Possibly some European style music licensing model, but for articles. PRS for example[1] in the UK is a copyright collective. Bars, clubs, supermarkets etc pay a fee to the organisation to sign up to it, and can play pretty much any music in return. The PRS body distributes what it decides is an equitable distribution to artists & labels. For most of PRS' history, there was very little science in determining who had the most plays, but everyone seemed to agree with the distribution.

[1] https://en.wikipedia.org/wiki/PRS_for_Music


Bars, clubs, supermarkets etc pay a fee to the organisation to sign up to it, and can play pretty much any music in return.

I worked for a company that was signed up for a similar service in the United States.

We had a blanket license for music, for which we paid a little over $1 million each year. This was around 2001.

A couple of times a year, we'd pull an intern aside and his job for the entire day was to sit there with a pencil and steno pad and write down all the music we used. That was typed into a report and sent to the licensing company which determined how much each artist would get paid.

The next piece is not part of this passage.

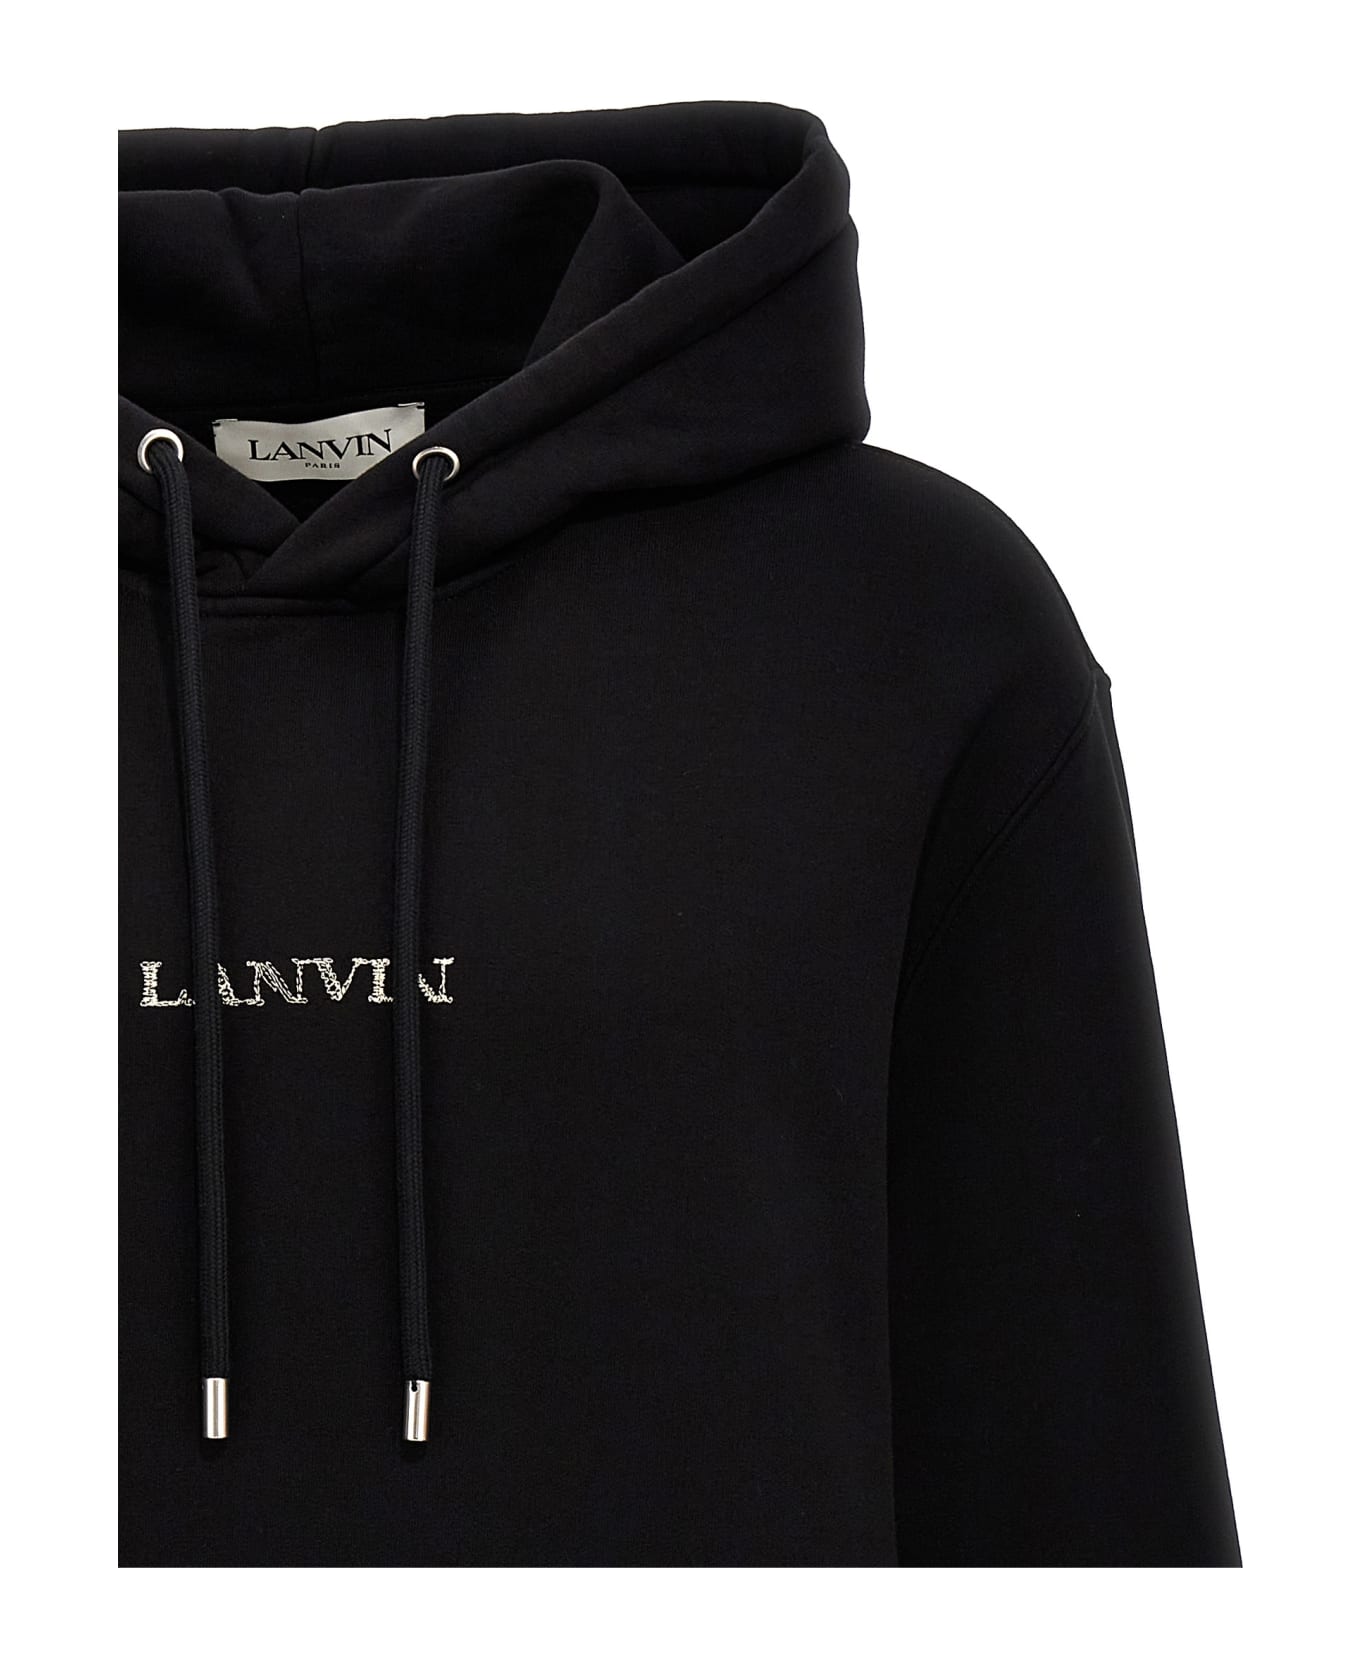 Lanvin Logo Embroidery Hoodie - Black

These days, with advances in music recognition technology, it's probably all very automated and more thorough.


Worth pointing out that brown shirts (and matching socks hopefully) were a very far right symbol probably pink or rainbow if you’re going for anti Nazi look


And for anyone who's wondering why https://en.m.wikipedia.org/wiki/Sturmabteilung


Oh shit I did not know that. Is there any law against it or would I get fined in the UK? I’m Malaysian and all this has nothing to do with me so I wasn’t aware. I get my shirts and socks essentially randomly & sometimes the colors may unintentionally represent something wrong.

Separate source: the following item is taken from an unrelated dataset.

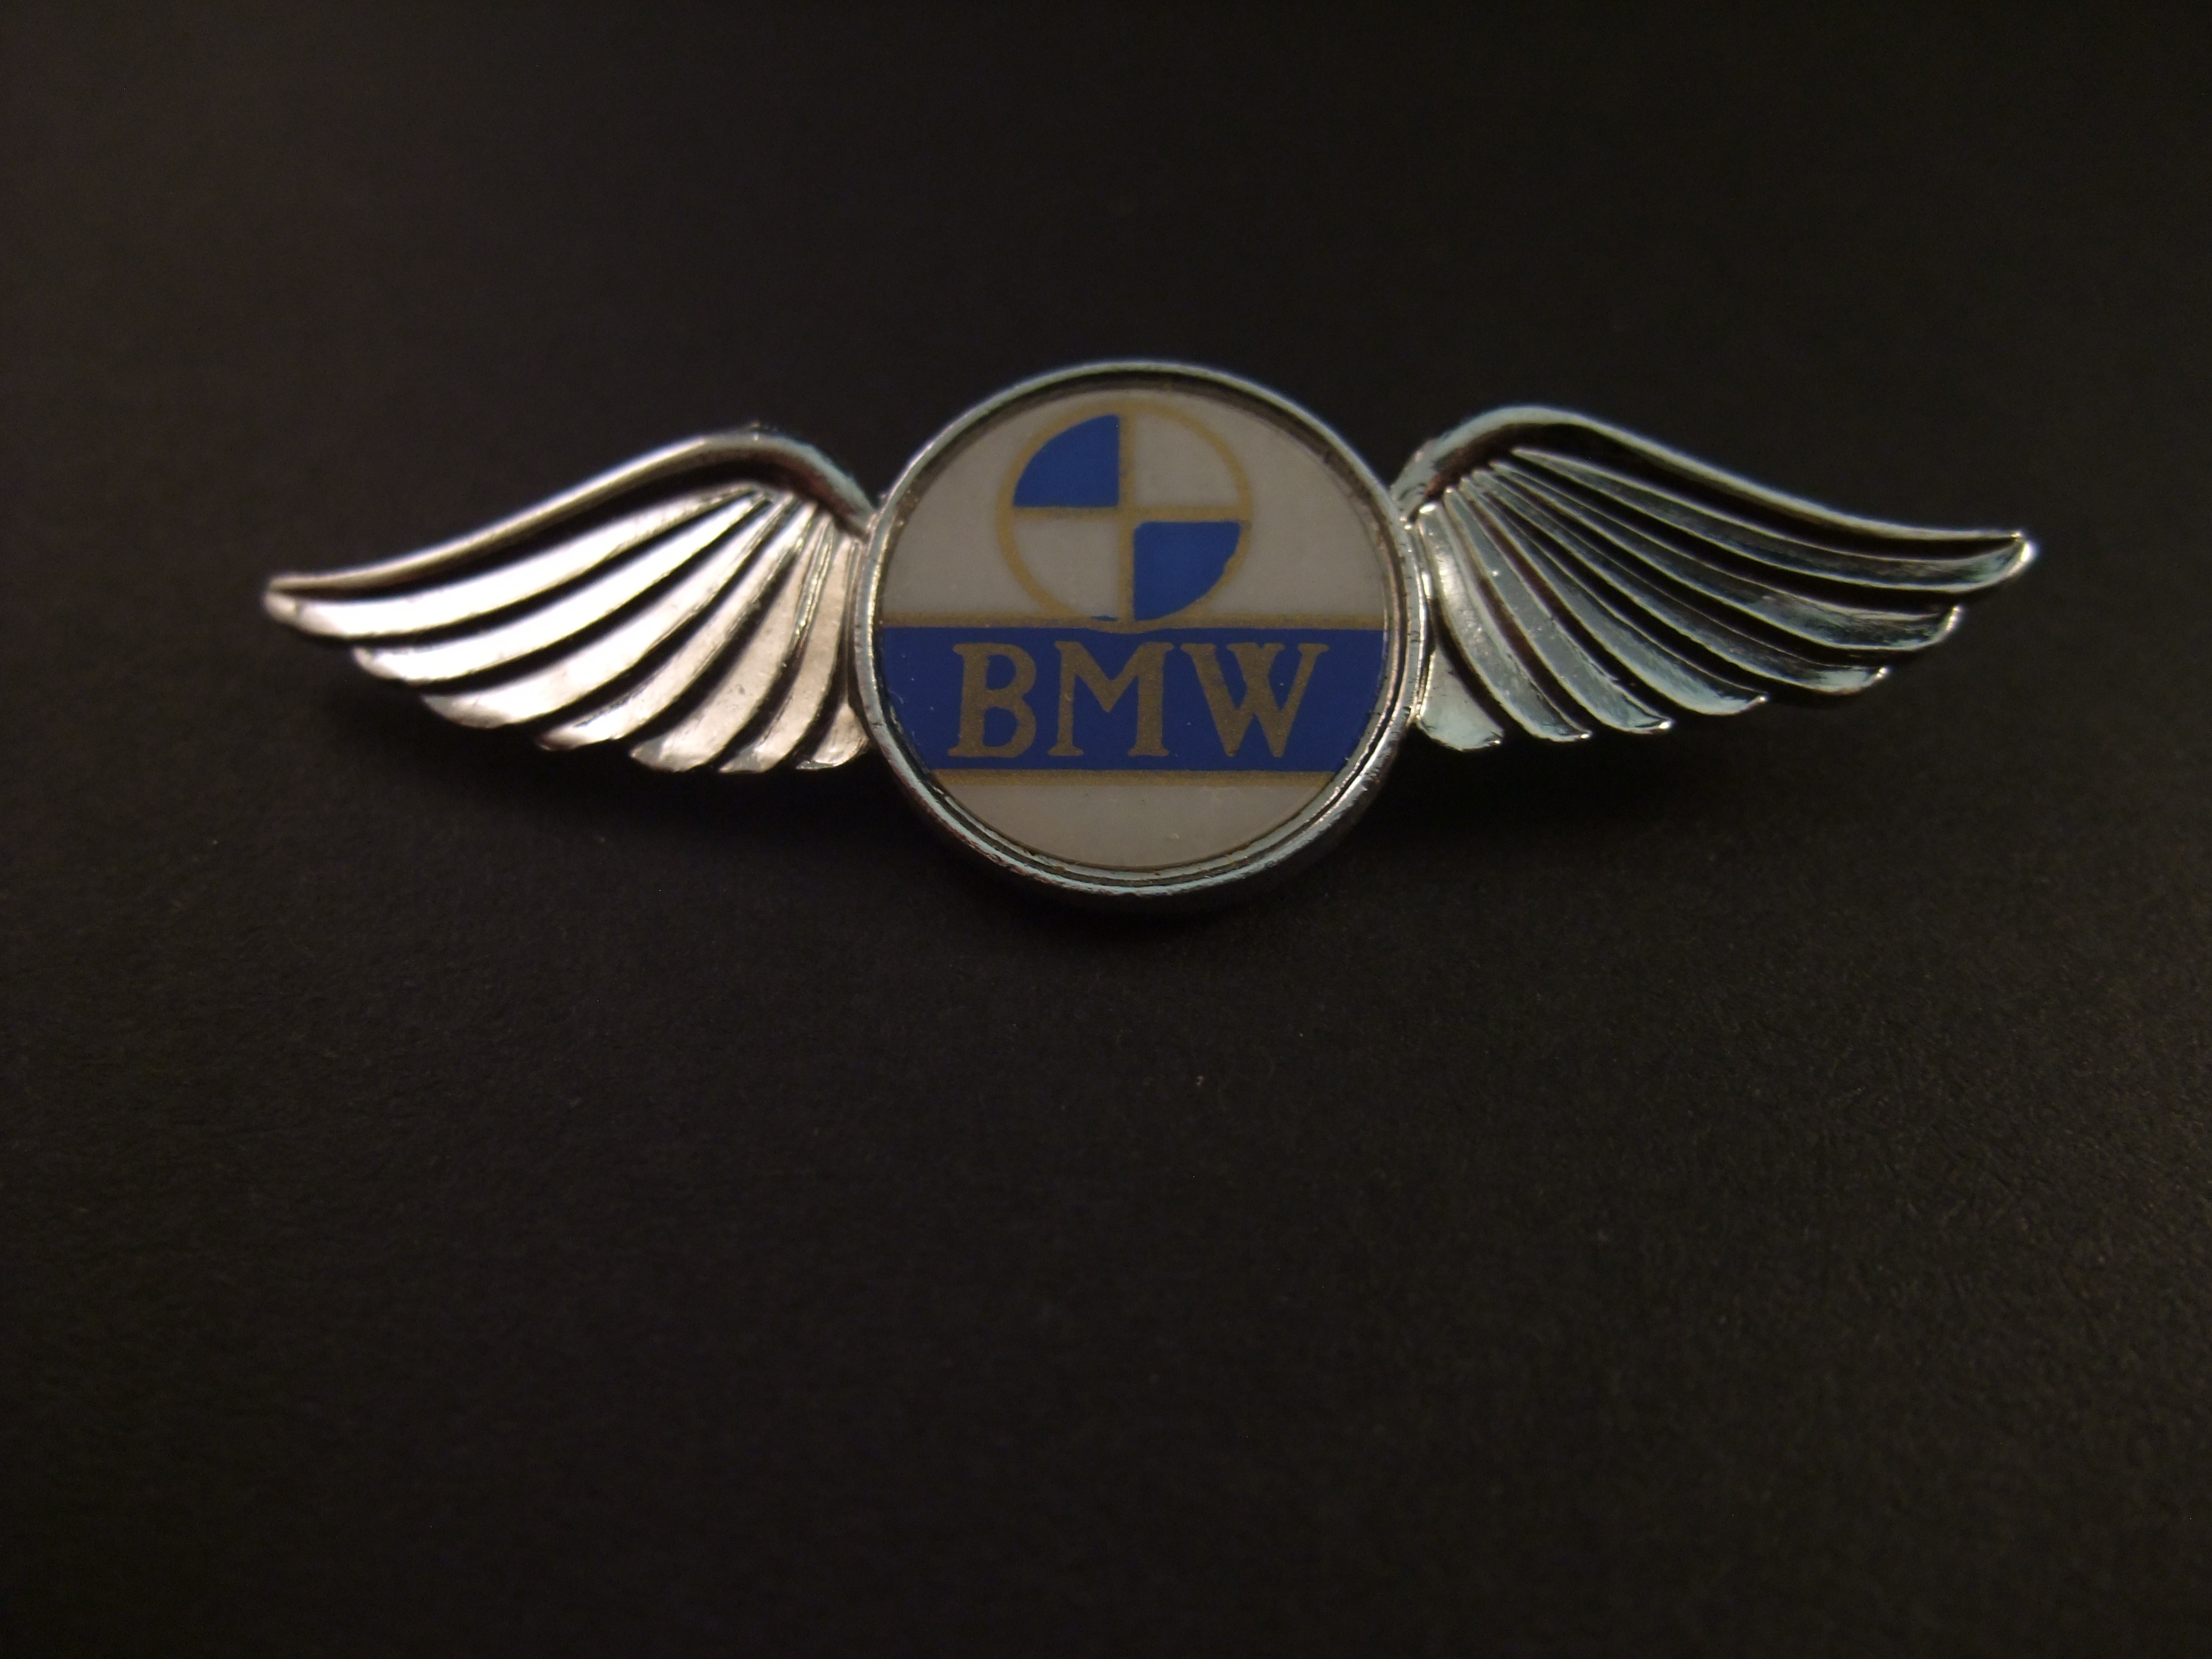 BMW motorfietsen( Motorrad) logo wing

I can't put my finger on it just yet, but I have a feeling the average content creator isn't going to benefit from all this deal-making.


> The average content creator isn't going to benefit..

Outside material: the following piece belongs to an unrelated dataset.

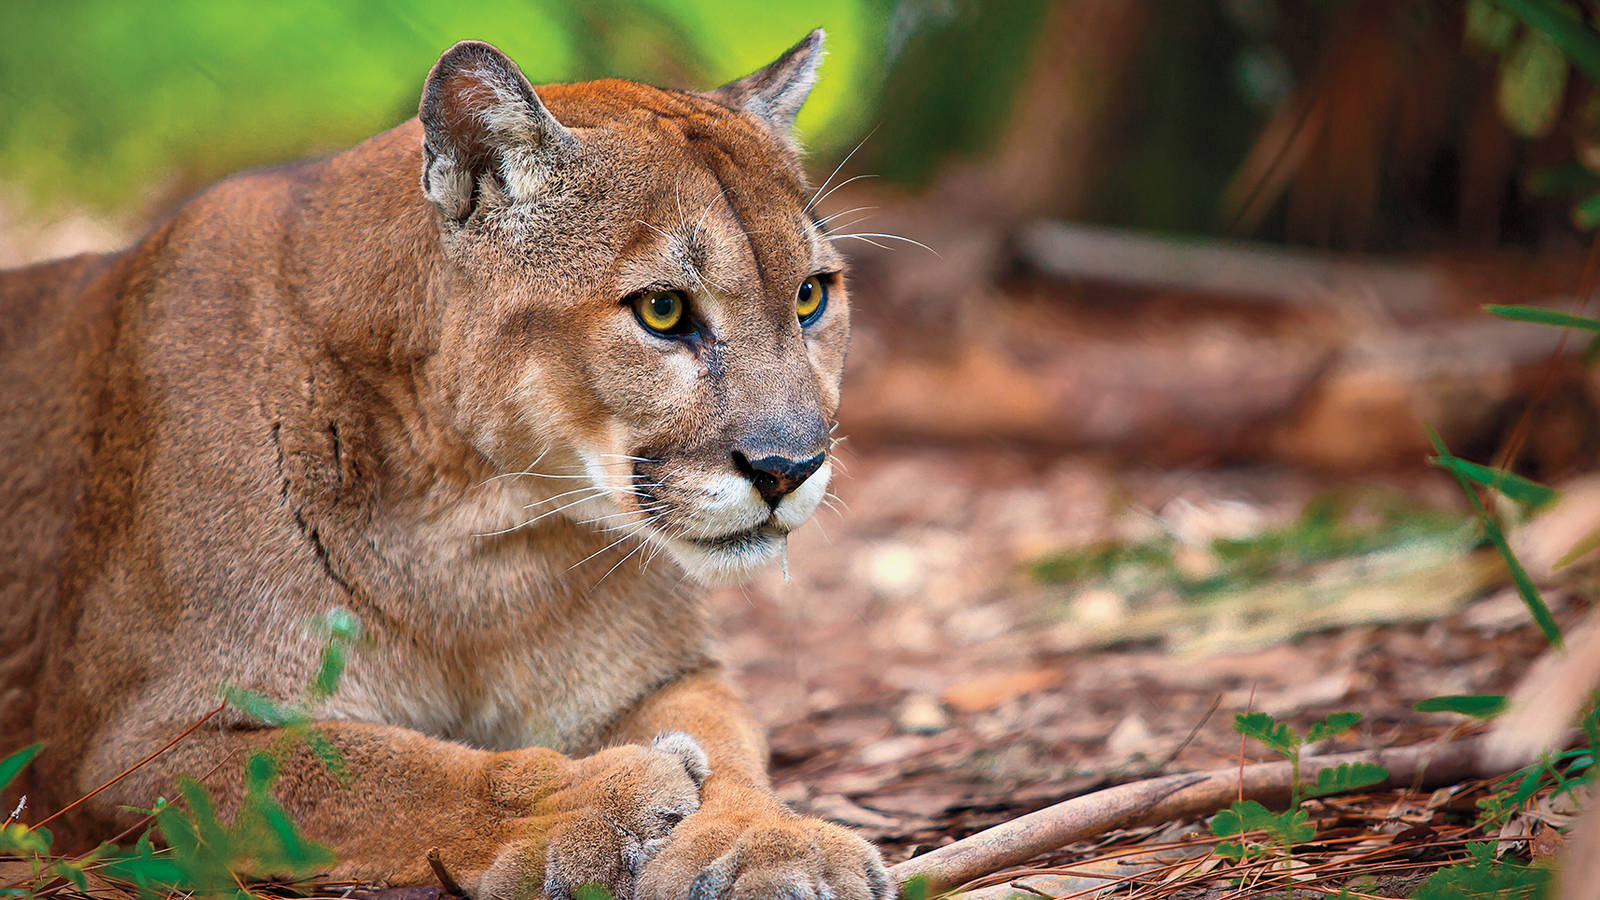 Saving the Panther · National Parks Conservation Association

A couple of months ago, when the news about "Reddit to sell its user-generated content to Google," a redditor asks the community to start generating false comments so the data would be of bad quality to train the models on. They start brainstorming some very funny comments that go something like: "Blue Whale is the largest fish", "WW II started in 1943", You name it..


It might not prove to be that effective. I think common knowledge has been reinforced by hundreds of other sources that it's hard to pollute it. Specific, expert-level knowledge deriving from one's experience is more scarce and thus more valuable. If redditors run around faking that, then it could feed the models bad data. But might also reflect poorly on the author should reputation be at stake.


Counter point: I was able to convince Gemini that a human baby is larger than a Saturn V rocket by simply telling it as much, to which it responded that its previous statements had been wrong and I was indeed correct.

The models being sycophantic and suggestible is another issue, but it’s not hard to get them to agree with false information.


It's a friendly and agreeable assistant model, if you prompt it to make certain assumptions, it makes sense that it will accept them. That's different from training the model with incorrect data.


also as each comment is associated with a account name and has score per user and per post/comment. bad data sources would be easy to filter out from reddit. any comment with a sufficiently low score could be removed form the training set any user with two low of a score would also be removed


Yeah but if your cheese keeps sliding off your pizza, you can add some glue like elmer's glue to thicken it up.

Or so google's AI responses pulled from Reddit. If you give enough people a hot microphone to a large enough audience, some people are going to say some obscene, untrue, and funny stuff. Maybe that's 1 in 10. Maybe that's 1 in a 100,000. Reddit karma is cheap.


There are already examples of content farms generating websites based off of bad Reddit data. So other websites can start to pollute the model as well as they get crawled along with the primary misinformation.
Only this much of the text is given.